A woman's work in Kashmir

A woman's work in Kashmir

More women are becoming journalists in the conflict zone of Kashmir, but is a balance being struck? The DCMF investigates.


In a place like conservative Kashmir, many are reluctant to speak to male journalists, which means more female journalists are becoming prominent in the valley of unease, gaining access to rape victims, female activists and other female leaders.

Women reporters are reporting not only conflict, but the experiences of ordinary women living through extraordinary times in the continuous two decades of turmoil in Kashmir, painting a picture of how a militarised society can be affected by war.

A few years ago, challenging male reporters in the field of journalism would have been unthinkable, but a debate remains as to how much progress has actually been made.

The Doha Centre for Media Freedom polled a group of women working in Kashmir’s scene, to find out.

Braving all odds

Shahana Butt, Press TV’s only female journalist in Kashmir. records and reports events in an environment which is increasingly hostile to press freedom.

She has several years of experience and has covered issues in northern Kashmir villages such as the growing number of widows in India, unsustainable population growth and corruption.

She’s also reported on how relationships have suffered amid the political conflict, such as the film she made about a Pakistani girl who wasn’t able to call her family after marrying a Kashmiri boy because they were living on the other side of the border.
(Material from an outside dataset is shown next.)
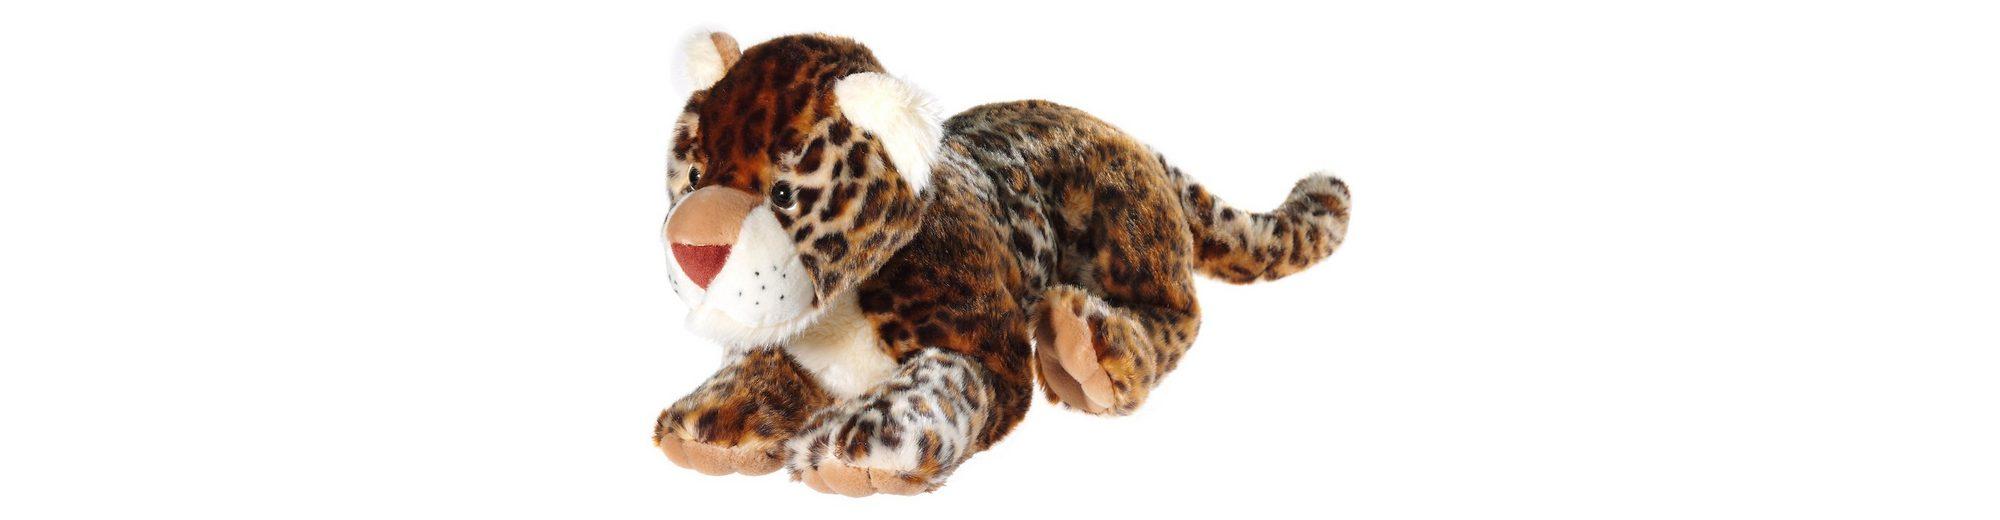 Heunec Plüschtier »Natureline Softissimo Leopard«

“We managed a video conference between the two families and filmed it...It was the first time that lady faced the camera but she was so comfortable, as if I was a part of her family. The kind of happiness that I saw on their faces was worth watching,” she said in an interview with the Doha Centre for Media Freedom. “I am not sure to what extent I had been able to benefit them, but that day I realised how a divide creates distances and suffering.”

She is pleased with what she has achieved battling through in a male dominated profession, and amid a traumatising and often dangerous conflict. 

Taking the lead amid conflict

The nature of a zone like Kashmir, which is heavily militarised, has eroded media freedom. In the last three summers, most journalists were confined to their homes and had to observe a curfew. Some were not allowed to move out of their offices, if they ever managed to reach them in the first place. Curfew passes were not entertained, even to top veteran journalists, let alone female journalists.

For Bismah Malik, becoming a reporter was natural. She grew up in a family of journalists. She’s a correspondent, with a journalism degree from Delhi, for the English-language daily Kashmir Times and has worked before with CNBC TV 18. While she recognises the important work of others like herself, she thinks there is a need for more women to take up a profession in media.

“I always wanted to work for my people, especially women who face many challenges in conflict zones, especially due to their gender. There is a dire need for more women journalists to tell stories about their families, about women, which are downplayed,” says the young journalist.

Women should devise new ways to minimise their risk too, she added. “We shouldn’t be afraid of speaking out.”

‘We’re weren’t taken seriously’

For a long time women reporters’ male counterparts didn’t take them seriously, despite them working on the front line. But that trend is changing.

Afsana Rashid, a journalist with 10 years experience, has worked for several English-language papers including the Kashmir Images, Kashmir Times, the Tribune and Milli Gazette.

“In my experience, I have found issues related to women are not given enough space, which is still a big challenge for media plurality. But now, this negative trend is changing with more and more women joining the field and changing the mindset,” she says.

Rashid is also the author Waiting for justice: widows and half-widows.

“Working as a female journalist is considered to be a male job in Kashmir. But I choose to be a journalist above anything else. As a female journalist it was not easy. Some made fun of us, ignored us and we are not generally invited to press conferences.”

One of the main benefits more female reporters can bring, is providing a deeper picture more personal picture of how the conflict affects society. They have a greater level of access to women who have been victimised in the ongoing conflict.

But for Monisa Qadri, a journalist professor at the Islamic University of Science and Technology in Srinagar, there are still too few female journalists around to tell these stories.

“I see that the inclination towards this field is positive but that does not seem to transform into practicality...the sustainable number of women active in the field is not so pleasing,” she says. “Nevertheless, I do see few of my girls making...We should encourage all the aspiring minds to create a niche for themselves and create some space in this otherwise male dominated area.”